DP-FedAdamW: An Efficient Optimizer for Differentially Private Federated Large Models
This work addresses the problem of training large models efficiently and robustly under differential privacy in federated settings, which is crucial for privacy-sensitive applications, though it appears incremental as it builds upon existing AdamW optimizers.
The paper tackles the challenge of balancing convergence efficiency and robustness in Differentially Private Federated Learning (DPFL) by proposing DP-FedAdamW, an optimizer that addresses issues like variance amplification and bias in second-moment estimators under DP, resulting in a 5.83% performance improvement over state-of-the-art methods on Tiny-ImageNet with Swin-Base at ε=1.

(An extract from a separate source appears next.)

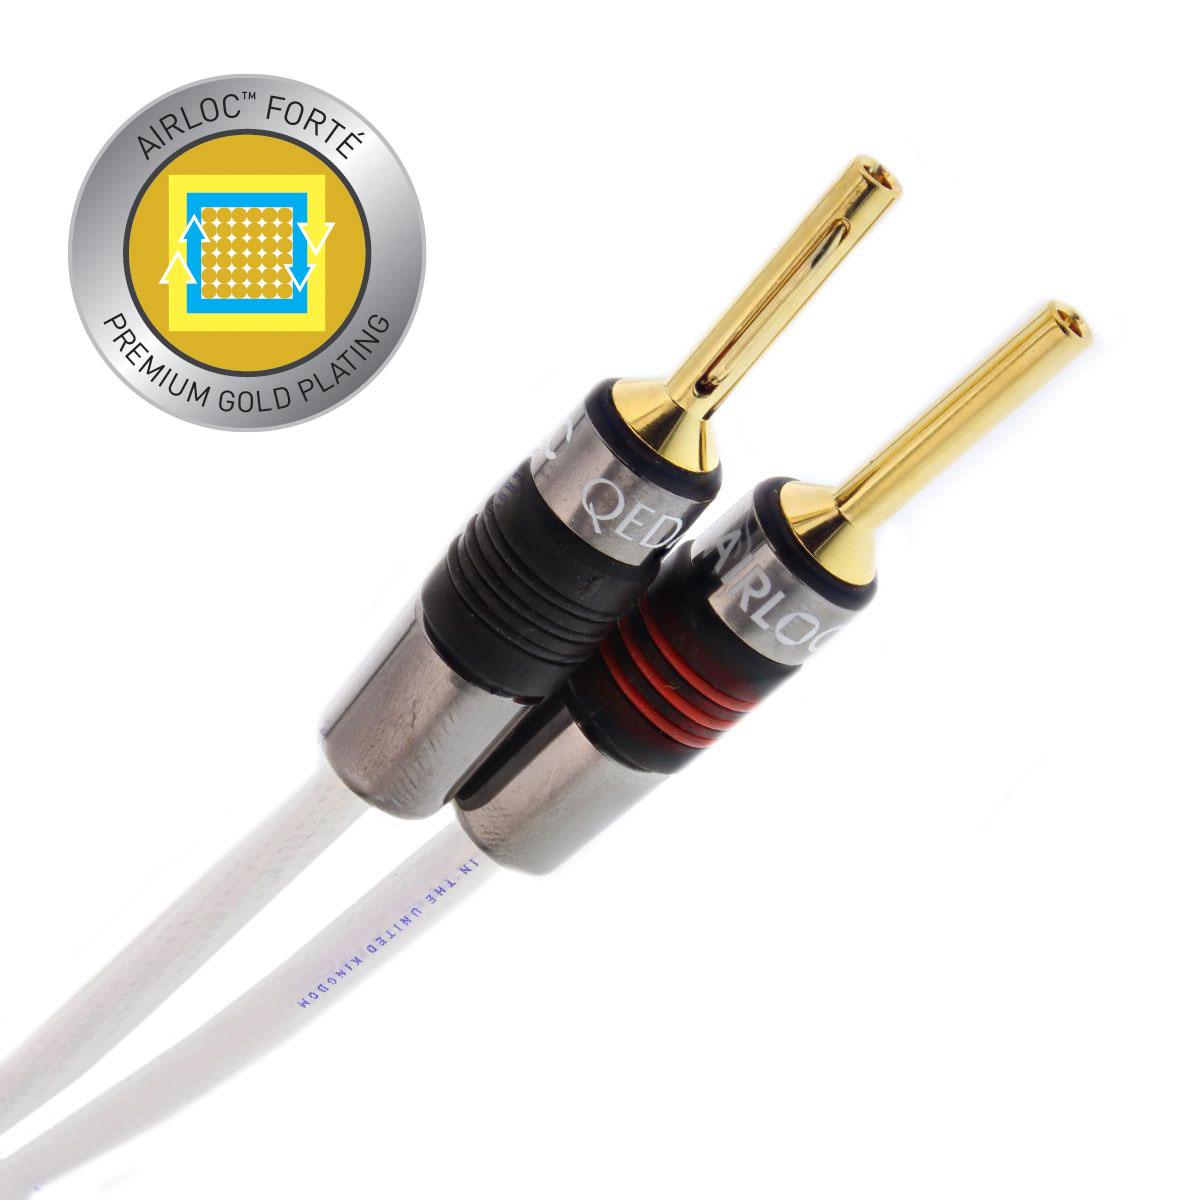 De QED XT25 Airloc Metal is de referentie kabel in deze prijsklasse. Gecombineerd met Airloc techniek onverslaanbaar

Balancing convergence efficiency and robustness under Differential Privacy (DP) is a central challenge in Federated Learning (FL). While AdamW accelerates training and fine-tuning in large-scale models, we find that directly applying it to Differentially Private FL (DPFL) suffers from three major issues: (i) data heterogeneity and privacy noise jointly amplify the variance of second-moment estimator, (ii) DP perturbations bias the second-moment estimator, and (iii) DP amplify AdamW sensitivity to local overfitting, worsening client drift. We propose DP-FedAdamW, the first AdamW-based optimizer for DPFL. It restores AdamW under DP by stabilizing second-moment variance, removing DP-induced bias, and aligning local updates to the global descent to curb client drift. Theoretically, we establish an unbiased second-moment estimator and prove a linearly accelerated convergence rate without any heterogeneity assumption, while providing tighter $(\varepsilon,δ)$-DP guarantees. Our empirical results demonstrate the effectiveness of DP-FedAdamW across language and vision Transformers and ResNet-18. On Tiny-ImageNet (Swin-Base, $\varepsilon=1$), DP-FedAdamW outperforms the state-of-the-art (SOTA) by 5.83\%. The code is available in Appendix.